Troubleshooting Common Faults in Accessing the Internet Through a NAT-Capable BRAS in Distributed Networking
Introduction
This document describes how to troubleshoot when users cannot go online or access the Internet after NAT services are deployed on a broadband remote access server (BRAS) in distributed networking.
Prerequisites
This document applies to NE40E and ME60 series products running V800R010C00 or later.
Understanding Distributed NAT
NAT can be deployed in either centralized or distributed networking.
- Distributed NAT: In this mode, NAT-capable service boards are installed on devices (for example, BRASs) to perform NAT.
- Centralized NAT: is an early NAT deployment mode. In this mode, a standalone NAT device performs NAT and is attached to a core router (CR) or BRAS.
Distributed NAT Workflow
NAT can be performed in either forward (private to public network) or reverse (public to private network) direction.
- Forward NAT:
- After receiving a packet, a NAT device determines whether to perform forward NAT:
The device matches the user packet against a UCL (numbered 6000 through 9999) bound to a traffic diversion policy:
- If the packet matches the UCL, the device diverts the packet to the NAT service board.
- If the packet does not match the UCL, the device forwards the packet according to the regular forwarding process.
- After receiving a packet, a NAT device determines whether to perform forward NAT:
- The packet is diverted to the NAT service board bound to a NAT instance for translation. When the first packet arrives at the NAT service board, the board selects a public IP address from an address pool bound to the NAT instance and a public port number from a port range bound to the instance. The public IP address and port number replace the existing source IP address and port number, respectively, in the user packet. Then, to perform NAT, the NAT board creates a session table and matches subsequent packets against the table.
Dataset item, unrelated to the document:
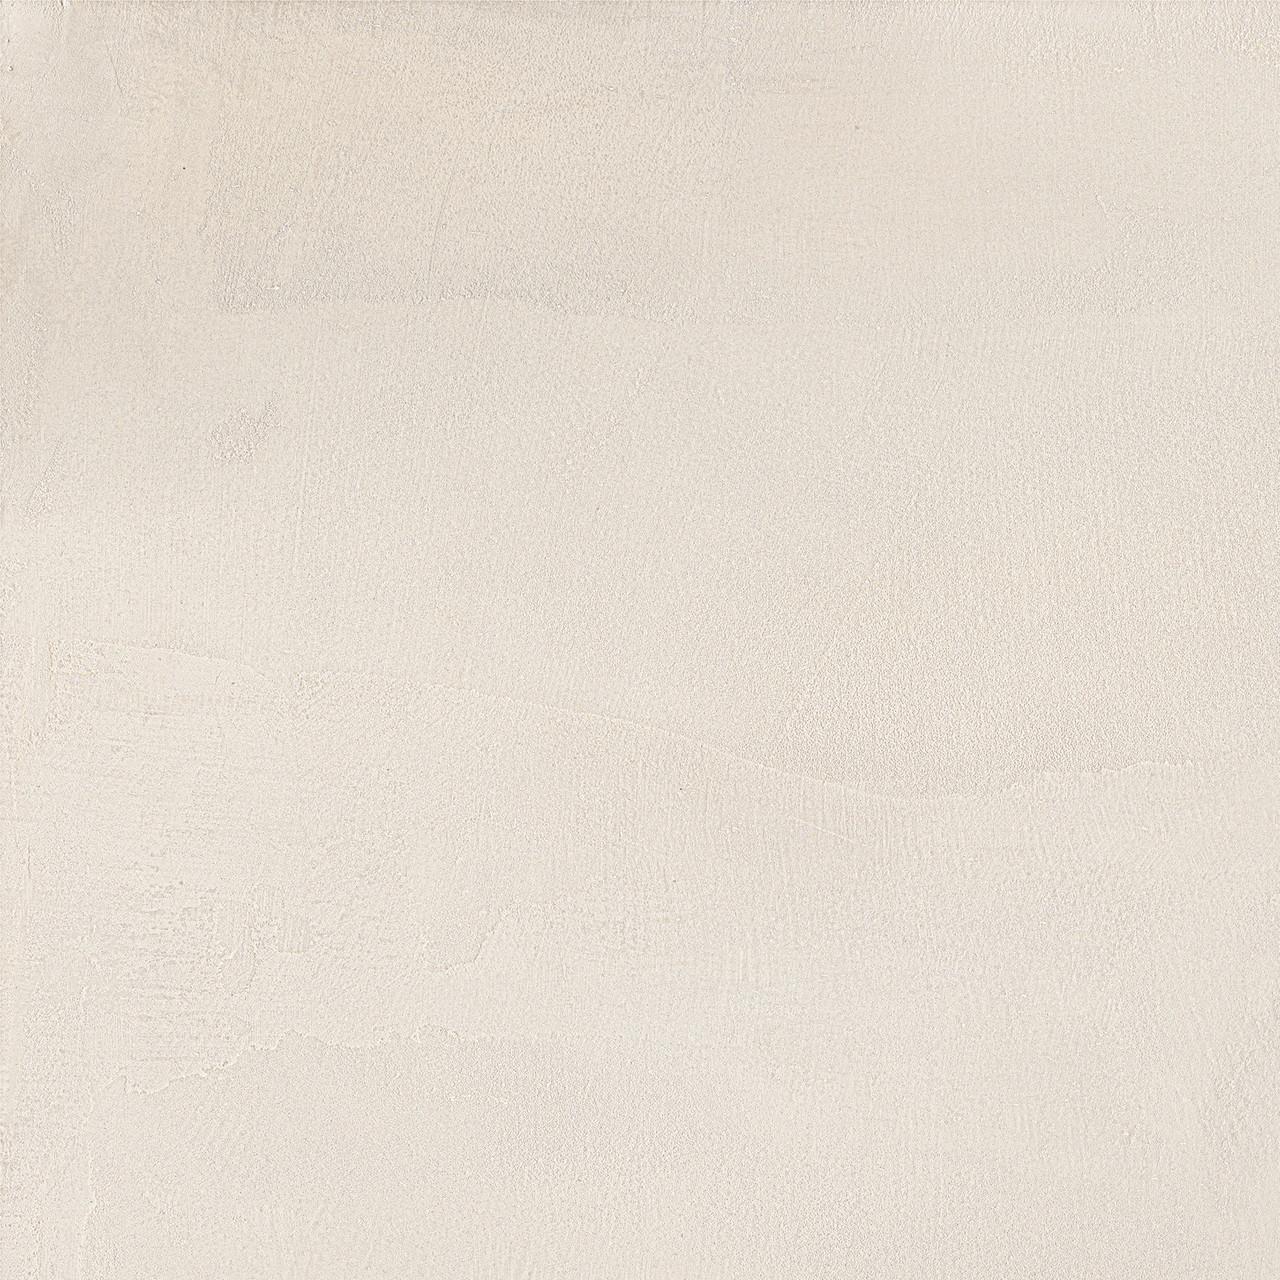 Плитка для пола LIMESTONE BEIGE  604*604 мм
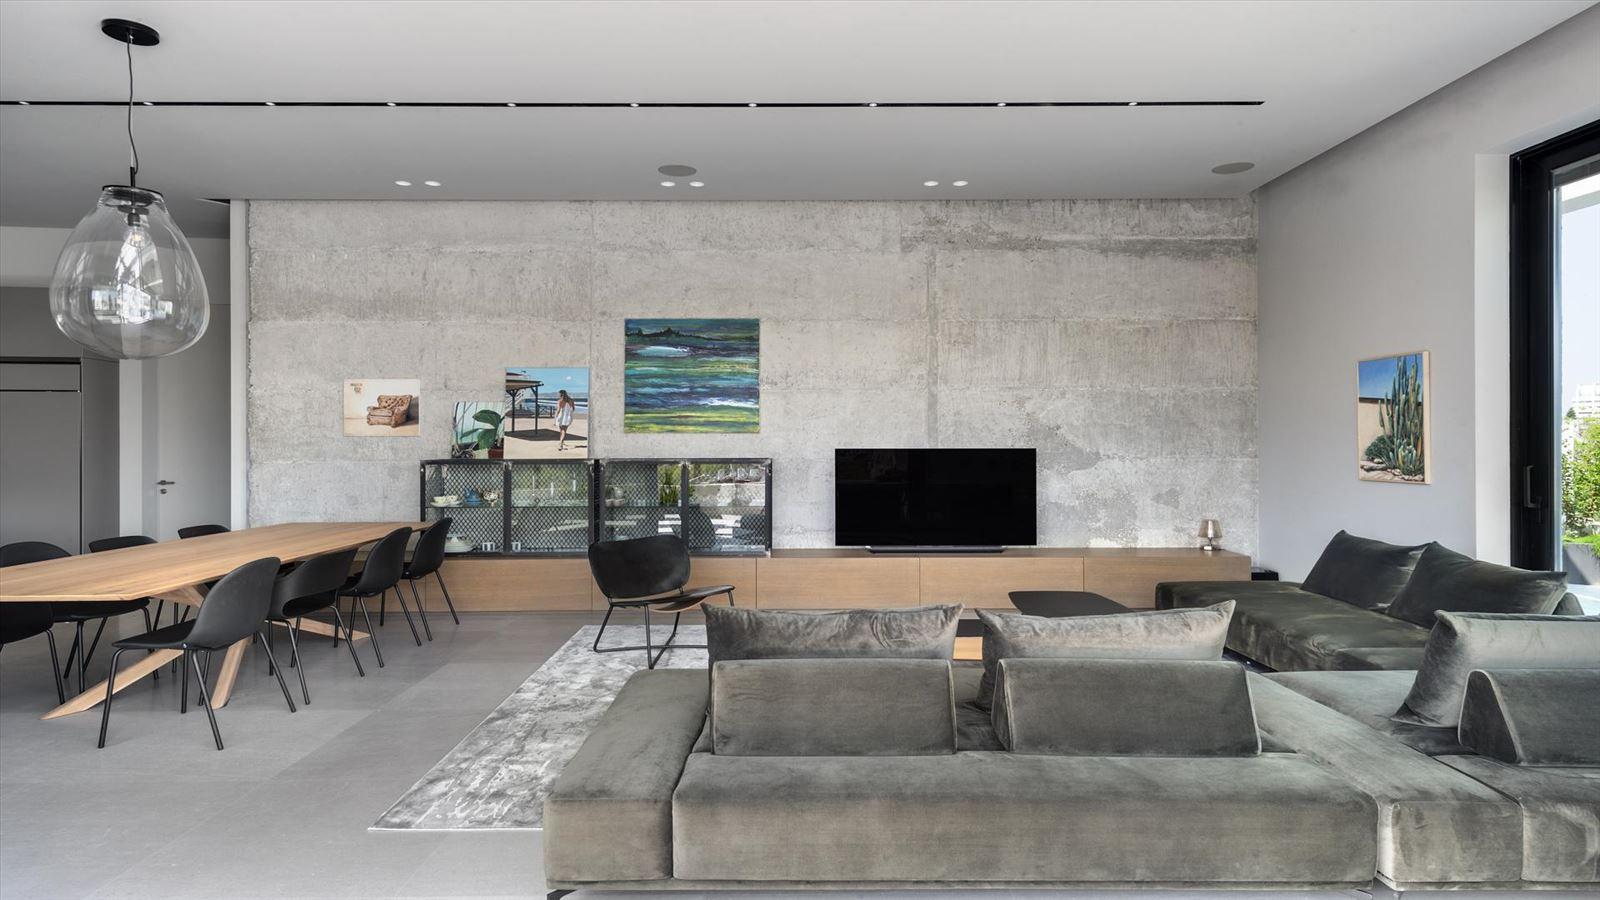 CENTRAL TLV LOFT תכנון פינת הסלון בגופי תאורה מיוחדים על ידי קמחי תאורה

- After translation, the user packet is forwarded to the next hop according to the regular forwarding process.
- Reverse NAT:
- After receiving a packet, a NAT device determines whether to perform reverse NAT:
The device matches the user packet against a traffic diversion policy:
- If the destination address in the packet matches a NAT address pool route contained in the FIB table, reverse NAT needs to be performed.
- If the destination address in the packet matches a route of another type, the device forwards the packet according to the regular forwarding process.
- After receiving a packet, a NAT device determines whether to perform reverse NAT:
- The NAT device diverts the matching packet to a NAT service board.
The NAT service board performs reverse translation on the user packet based on a NAT mapping entry. The destination public IP address and port number in the user packet are replaced with private IP address and port number, respectively.
- After reverse NAT is performed, the user packet is forwarded to the next hop according to the regular forwarding process.
Distributed NAT Configuration File
Configure the BRAS service on the NAT device so that users can go online. For details, see HUAWEI NE40E Router Configuration Guide - User Access. The configuration of the NAT function is as follows:
license
active nat session-table size 6 slot 1 card 0
#
service-location 1
location slot 1 card 0
#
service-instance-group group1
service-location 1
#
nat instance nat1 id 1
service-instance-group group1
nat address-group group1 group-id 1 11.1.1.1 11.1.1.5
nat outbound 3001 address-group address-group1
#
user-group group1
#
acl number 3001
rule 10 permit ip source 10.110.10.0 0.0.0.255
#
acl number 6001
rule 1 permit ip source user-group group1
#
traffic classifier c1
if-match acl 6001
#
traffic behavior b1
nat bind instance nat1
#
traffic policy p1
classifier c1 behavior b1
#
traffic-policy p1 inbound
#
domain isp1
user-group group1 bind nat instance nat1
#
ip route-static 11.11.11.0 24 null 0
#
ospf 1
import-route static
#
return
Troubleshooting Flowchart for Common Faults
Distributed NAT Users Fail to Go Online
Run the display aaa online-fail-record command to check and analyze causes of user access failure (see #EN-US_TOPIC_0177194659/ref12538855).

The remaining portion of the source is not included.